Bug #11867
closedPCIe expansion slots mis-labelled in topo
100%
Description
I noticed that the labels for PCIe devices in the topo snapshot were incorrect and appeared to be off-by-one on the Joyent-M12G5 in the SF lab.
The system has 7 PCIe expansion slots and has PCIe cards installed in slots 1, 2, 4 and 6. However, in topo these cards are labelled as being in slots 2, 3, 5 and 7. After digging into how topo assigns the labels, I found that it uses logic like the following:
1) Determine the slot id of the device. To do this it first looks at the slot-names devinfo property, which is derived from the IRQ routing table as defined by IEEE 1275 - see pci_slot_names_prop() and tries to scrape the slot id off of the encoded string.
If that fails, (which isn't the case here) it tries to determine the slot-id from the phsyical-slot# devinfo prop.
2) Once it has a slot id, it cross-references it with the type 0x9 SMBIOS records and then sets the label to the locator string from the SMBIOS record with the same slot id.
This whole mechanism relies on SMBIOS and slot-names agreeing on the slot id numbering. But on this system, the slot-names props number the slots from 1 to 7 - which is what we'd expect as slot id 0 should be reserved for on-board devices. But the type 0x9 SMBIOS records use slot id's 0 to 6.

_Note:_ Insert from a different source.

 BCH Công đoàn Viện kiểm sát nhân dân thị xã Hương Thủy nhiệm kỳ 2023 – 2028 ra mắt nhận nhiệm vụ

As an example of this mis-match, there is an LSI HBA in the 2nd slot. The string that we scrape the slot id out of in slot-names property for this device is "Slot2":
name='slot-names' type=int items=3 value=00000001.746f6c53.00000032
But that ends up matching to the following SMBIOS record:
ID SIZE TYPE 15 41 SMB_TYPE_SLOT (type 9) (upgradeable system slot) Location Tag: CPU1 SLOT 3 PCI-E 3.0 X8 Reference Designator: CPU1 SLOT 3 PCI-E 3.0 X8 Slot ID: 0x2 Type: 0xb5 (PCI Exp. Gen 3 x8) Width: 0xb (8x or x8) Usage: 0x3 (available) Length: 0x3 (short length) Slot Characteristics 1: 0xc SMB_SLCH1_33V (provides 3.3V) SMB_SLCH1_SHARED (opening shared with other slot) Slot Characteristics 2: 0x1 SMB_SLCH2_PME (slot supports PME# signal) Segment Group: 0 Bus Number: 255 Device/Function Number: 0
Updated by Rob Johnston over 2 years ago
The fix will be to add logic similar to prtdiag(1m) - i.e. on SMBIOS implementations that expose the BDF in the Type 9 (Slot) record (SMBIOS 2.6 and later) attempt to match the SMBIOS slot record using the BDF. Systems with older SMBIOS implementations will fall back to the existing logic.

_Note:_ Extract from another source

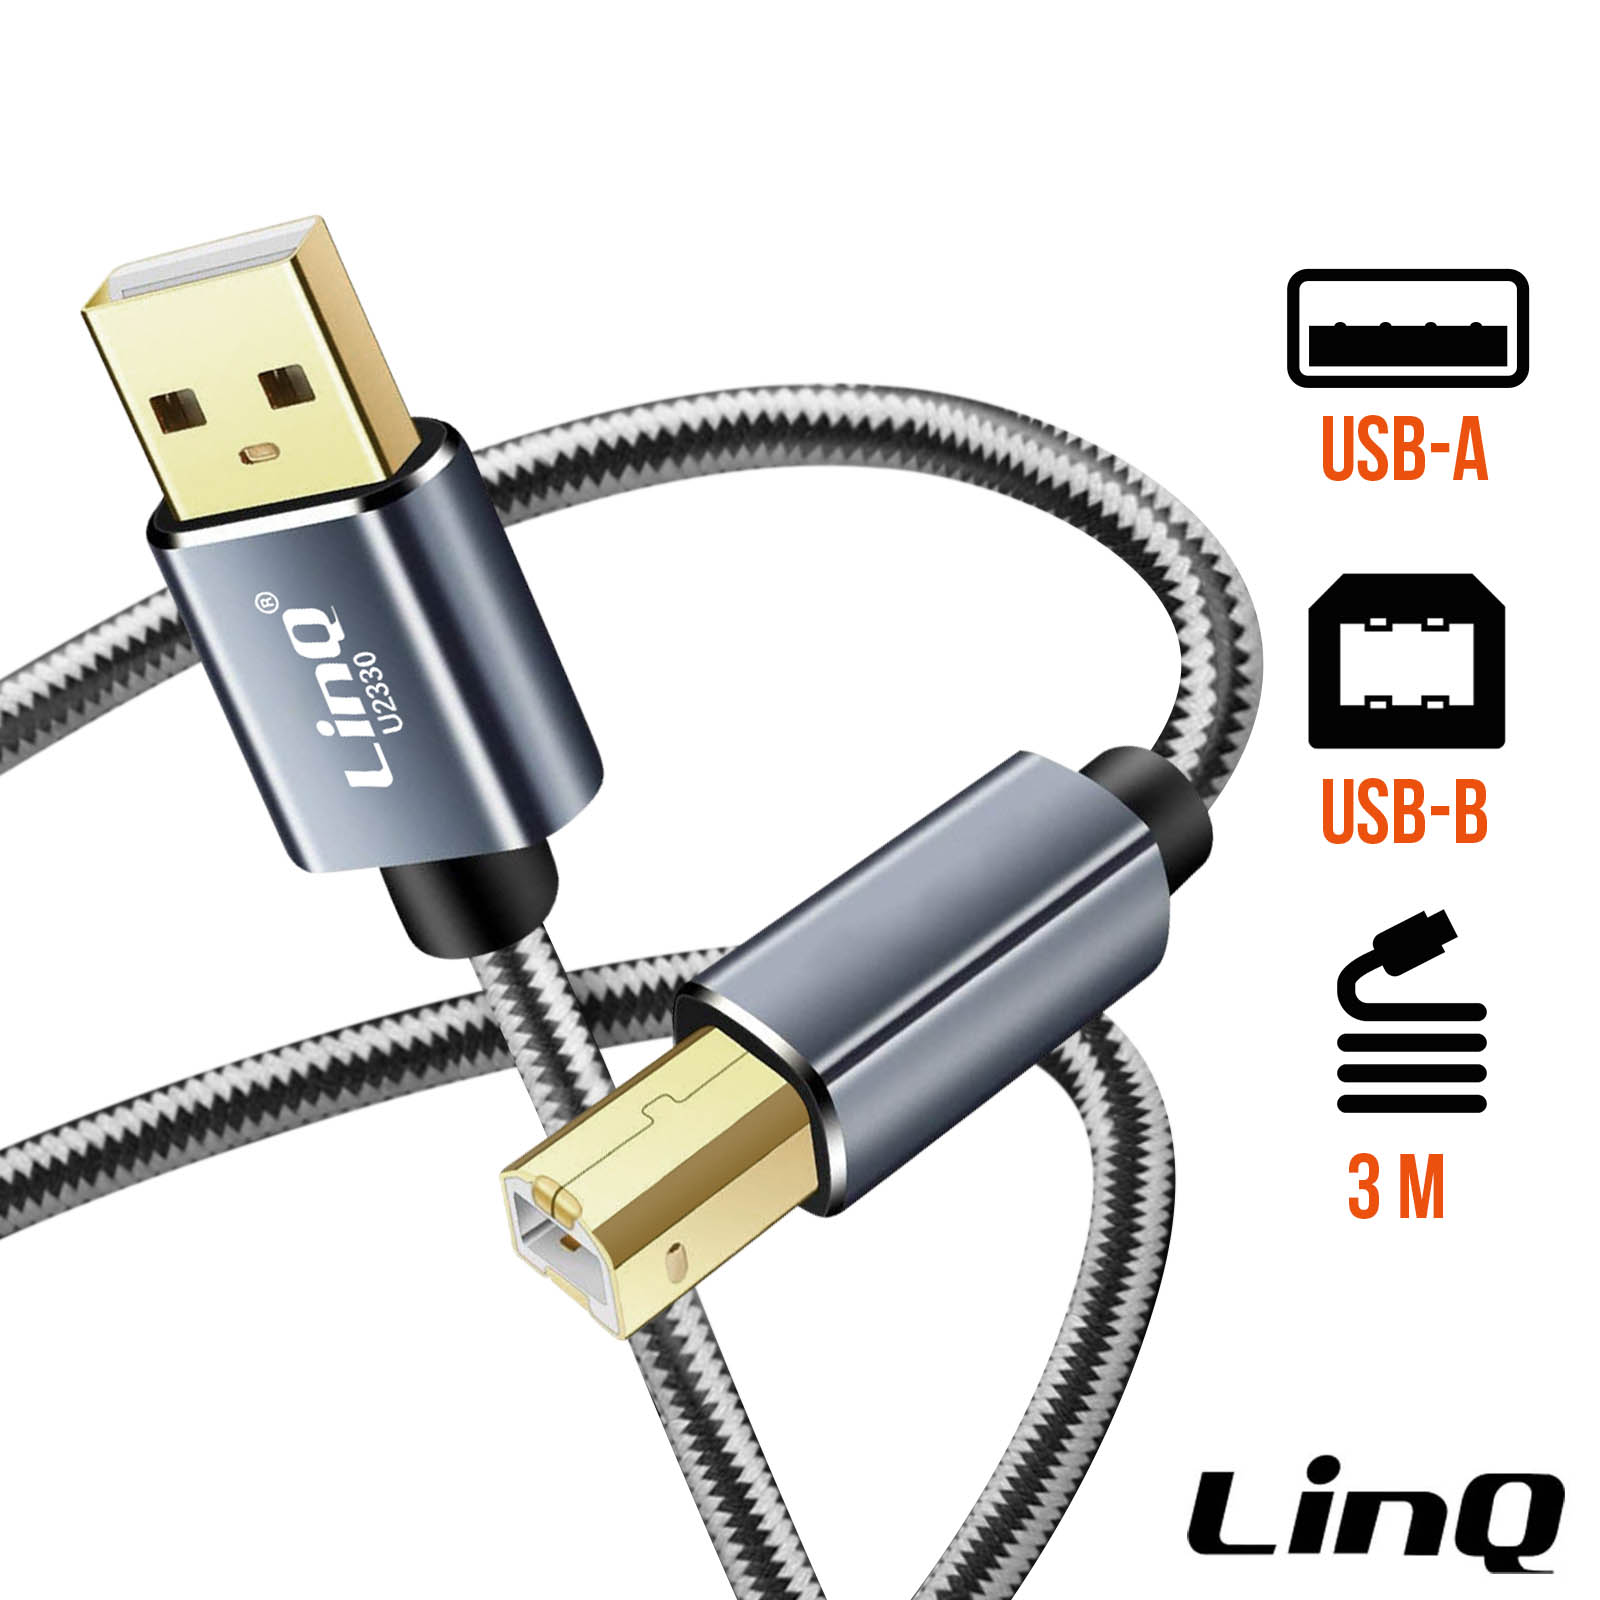 Câble USB de couleur blanc et d'une longueur de 2 mètres (A/B)

Additionally, there is a one-line bug in pci_slot_label_lookup() that causes us to source the slotname from the parent did_t. Honestly, I'm not sure how any of this ever worked. And indeed almost every system I've checked recently had broken PCIe labels - not just the Joyent-M12G5.
Updated by Rob Johnston over 2 years ago
Testing¶
I built a platform image with this change and compared the PCI labels that were generated by libtopo both before and after the change on a variety of platforms. For platforms that were affected by this bug, I verified that the labels were correct after the fix. For the one platform I could find that didn't exhibit this bug, I verified that the fix had no effect.

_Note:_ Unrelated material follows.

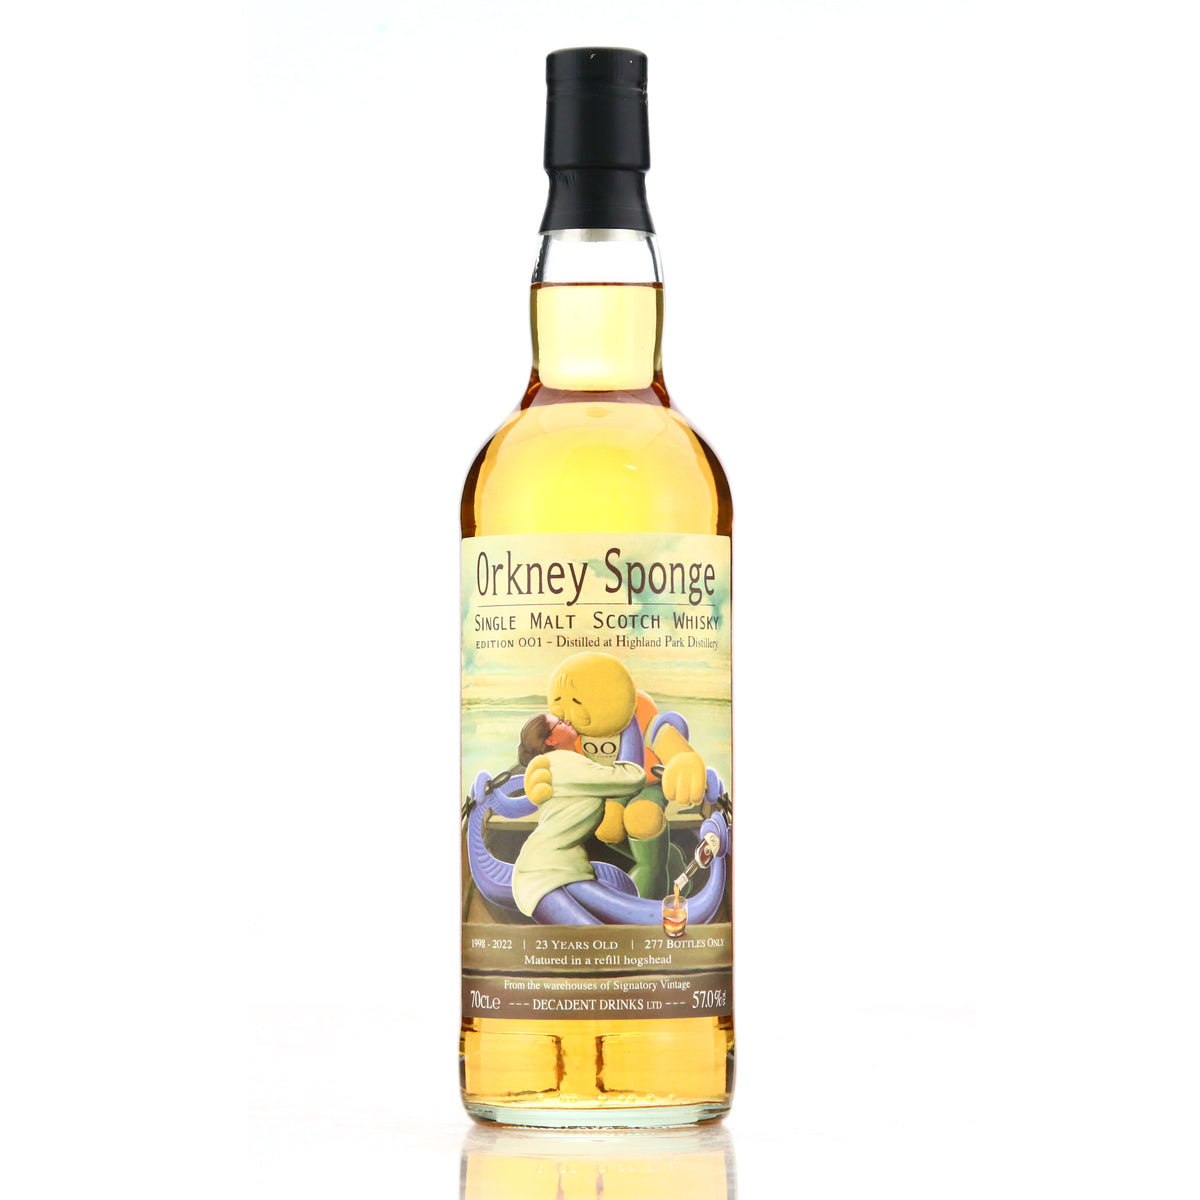 OrkneySponge Edition No. 1 1998 Highland Park 23 Year Old Single Cask Single Malt Scotch Whisky 700ml

Below is a list of platforms tested:
PLATFORM BEFORE FIX AFTER FIX Supermicro SSG-2029P-ACR24L Affected Fixed Supermicro SSG-6049P-E1CR36L Not Affected No change Supermicro SYS-2028U-E1CNRT+ Affected Fixed Supermicro SSG-6049P-E1CR60L-JI006 Affected Fixed Western Digital H4060-S Affected Fixed Micro-Star International MS-7b18 Affected Fixed
Updated by Electric Monk over 2 years ago
- Status changed from New to Closed
- % Done changed from 0 to 100
git commit 106e8bd44b02f4b8cd3c825790276c1c7081e67a
commit 106e8bd44b02f4b8cd3c825790276c1c7081e67a Author: Rob Johnston <rob.johnston@joyent.com> Date: 2019-10-29T23:40:00.000Z 11867 PCIe expansion slots mis-labelled in topo Reviewed by: Yuri Pankov <yuri.pankov@nexenta.com> Approved by: Robert Mustacchi <rm@fingolfin.org>